Он провел Джироламо вокруг алтаря к углу, где нащупал когда-то резьбу, поднял алтарный покров и снова проследил пальцем двойную арку, фигурку из палочек, увенчанную двойным кругом – теперь он понимал, что круги изображают голову святого и светящийся нимб. А большой круг, которым обведена вся фигура – что же еще, как не саркофаг?
В полумраке блеснули широко распахнутые глаза Джироламо.
– На перстне был такой же узор.
– Я думаю, две арки изображают скинии главного алтаря верхней и нижней церкви, – объяснял Конрад. – хранится святая святых, освященное тело Господа нашего, как в первой скинии хранились скрижали Моисея.
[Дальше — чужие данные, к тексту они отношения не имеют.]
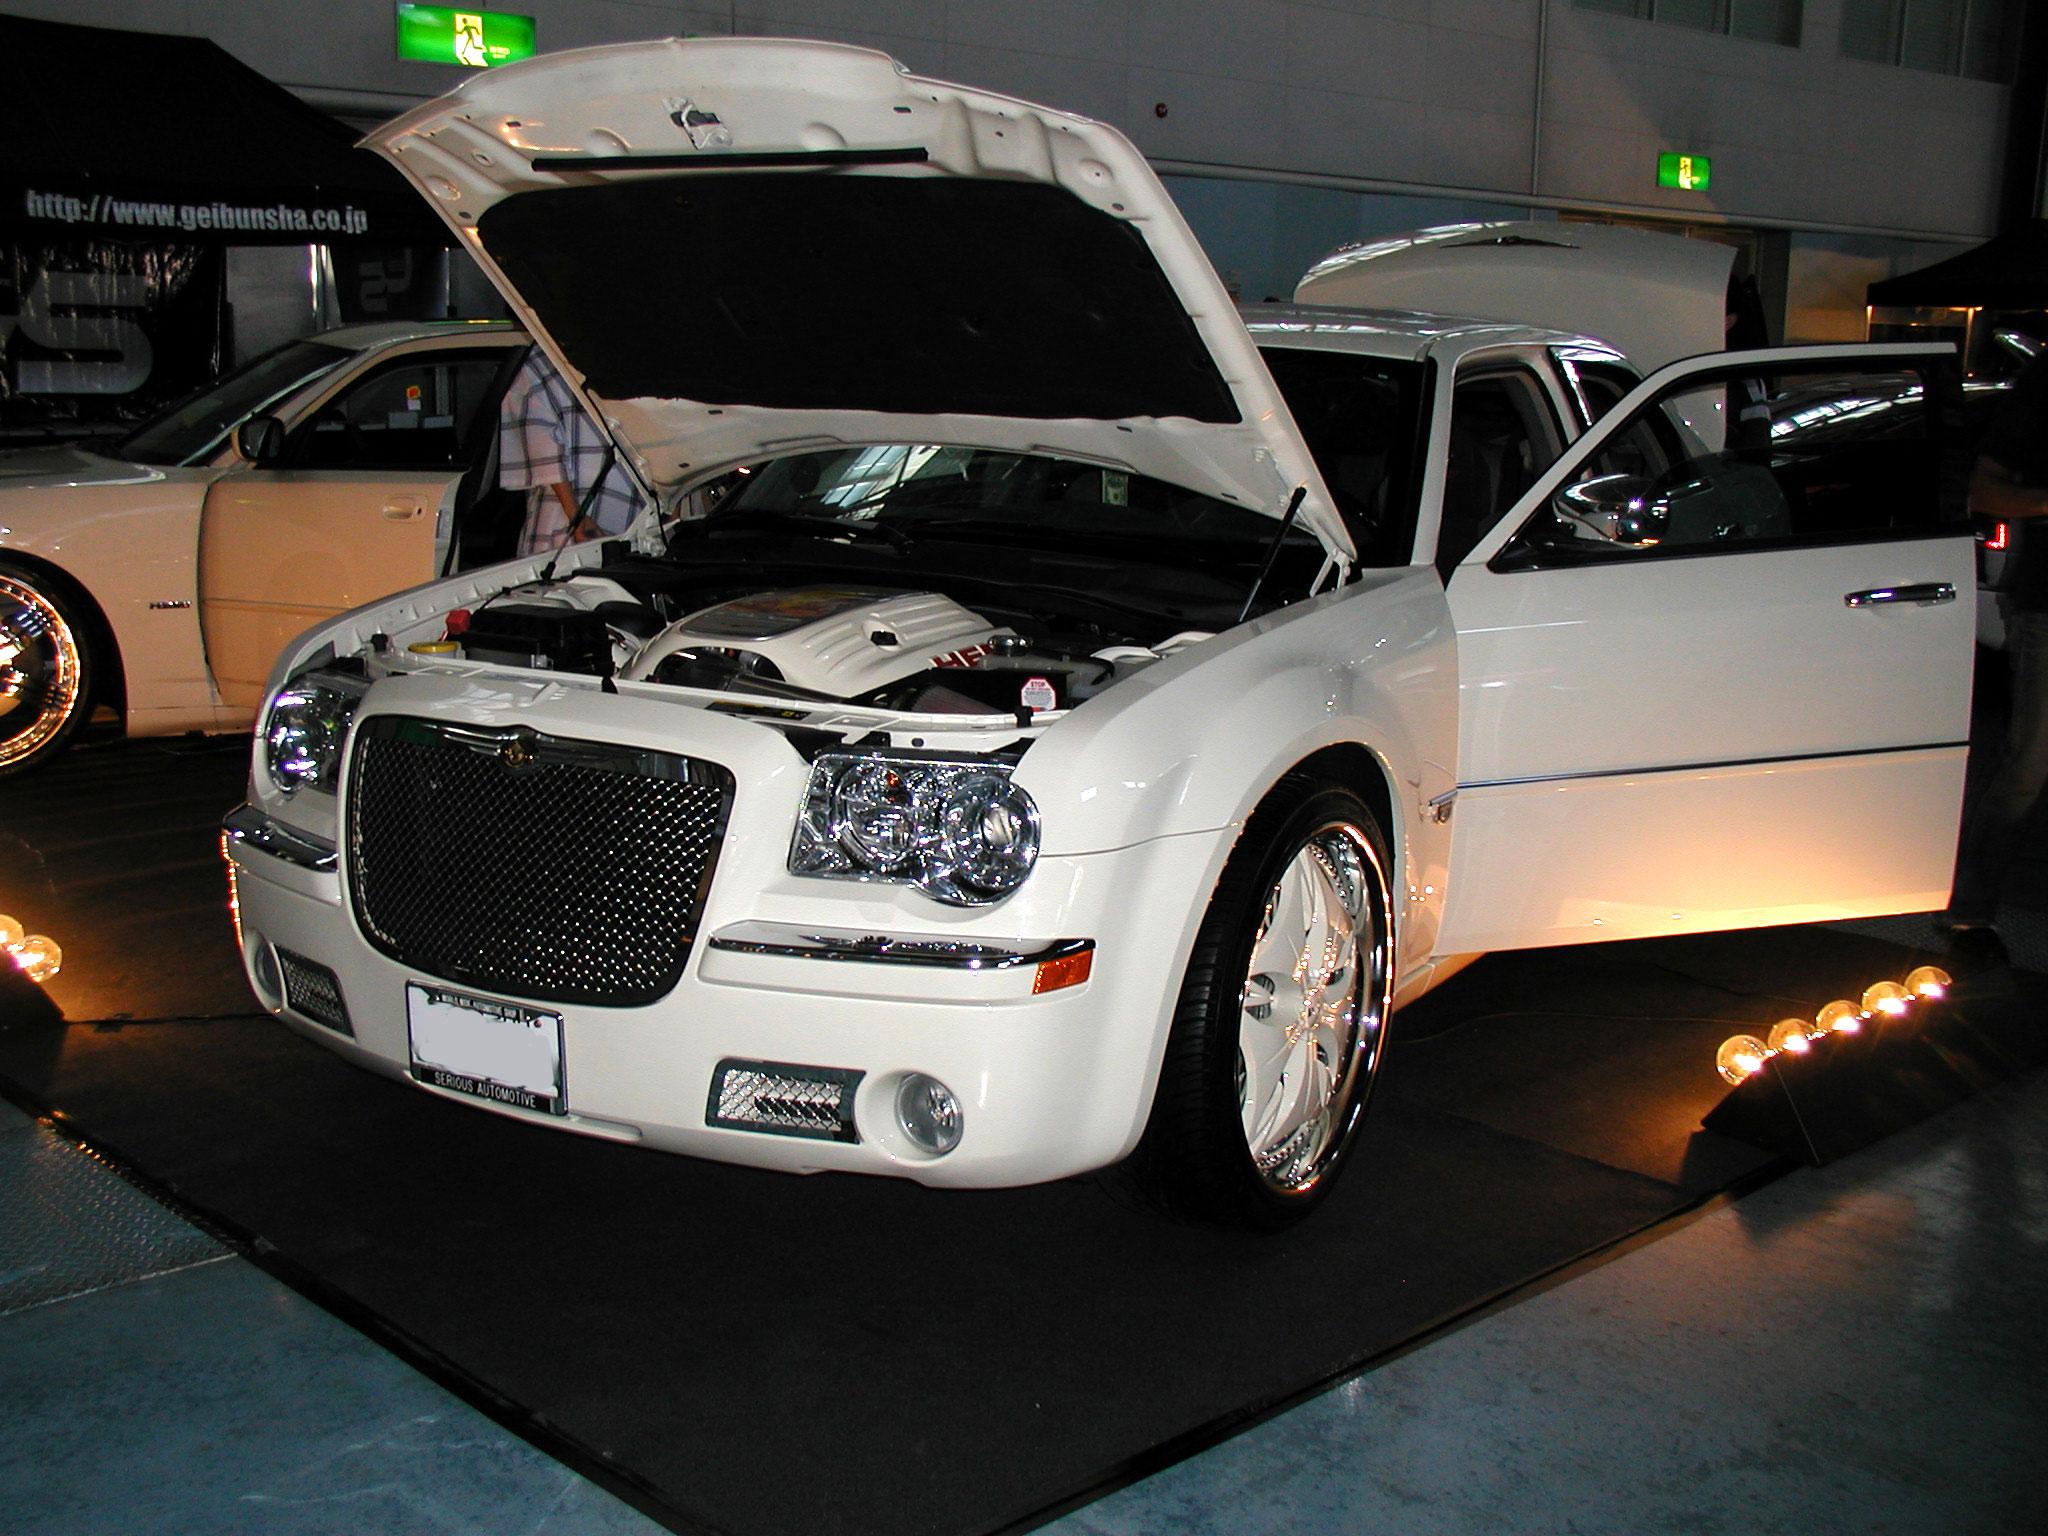 File:Chrysler 300c dub custom.jpg - Wikimedia Commons

Фигура с нимбом, заключенная в крипте под нижней аркой, – святой Франциск. Мы сейчас стоим прямо на его могиле.
Джироламо пожевал ноготь. Он явно не был убежден.
– Пожалуй, возможно. Но чтобы сдвинуть алтарь и начать раскопки, мне нужны гораздо более надежные доказательства.
– Но что-то же надо делать! – в отчаянии проговорил Конрад. – Вы могли бы заставить епископа Иллюминато признать истину. Надо вернуть легендам цельность!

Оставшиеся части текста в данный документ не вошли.